An elderly Pakistani (according to his profile on the Community Mars One website) is among the hundred candidates from 200,000 hopefuls who have been chosen to train for a one-way trip to Mars.
Sixty-year old Reginald Foulds is (Dubbed, Reggie the Martian by the media) one of the final contenders for the ambitious mission, served as a helicopter pilot in the Pakistani air force before retiring in 1992. Foulds moved to Canada with his wife at the age of 42, according to a report published in the Business Insider.
“With my 22 years of military background as an infantry officer and a helicopter pilot, I am capable of surviving in any conditions. I have been trained to stand against any odds and in any conditions. I have learnt to be adaptable, determined, curious and courageous; I am very focused in what I get out to do. I am a very reliable and a trustworthy person,” says his profile.

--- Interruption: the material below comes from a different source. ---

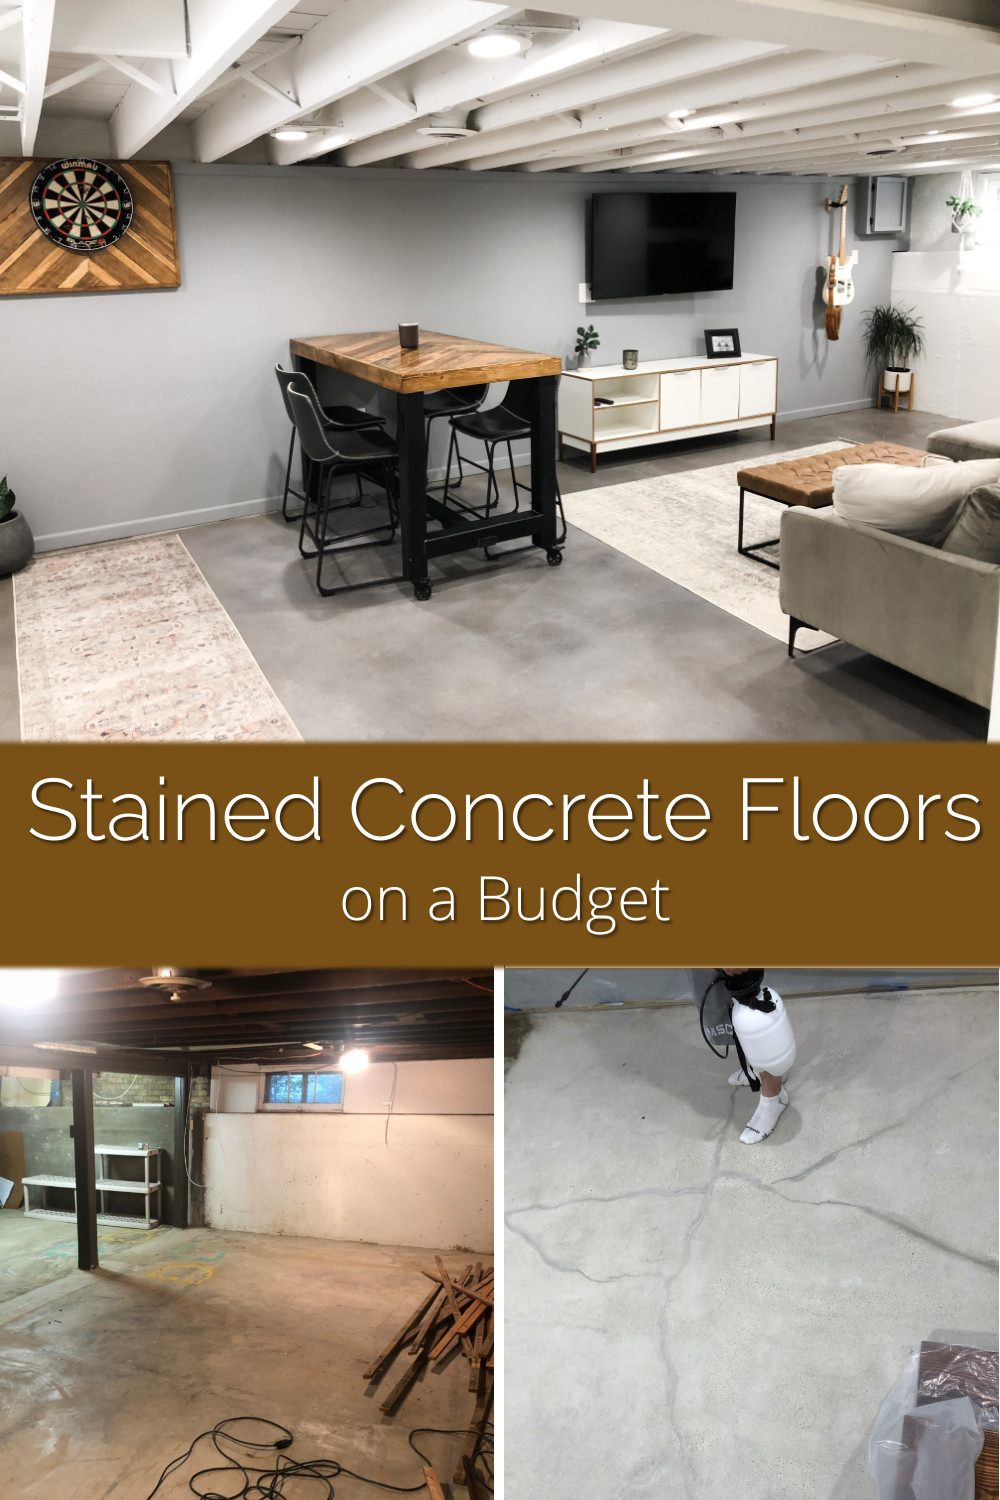 Stained Concrete Floors on a Budget

It also adds: “I have the curiosity to explore having no fears whatsoever; to me death only comes once. I have a will to go beyond the skies to seek and discover. To me there is no such word as impossible or I can’t. I, like the Mars-One team, have a vision to leave a legacy for this world to remember for thousands of years to come. I am determined to do something literally out of this world and be one of the first human[s] for the dawn of a new era – human life on Mars.”
The 100 candidates will be further short listed down to 24 to make up groups of four which Mars One, a Dutch not-for-profit company, is going to send on a one-way journey to the Red Planet, which lies a minimum 55 million kilometres — six months’ travel — from Earth.
The group behind the endeavour hopes to use existing technology to fulfill the mission.
The mission is expected to take approximately seven months and a recent MIT study found that even if the space explorers succeeded in landing, they would only survive for 68 days using current technology.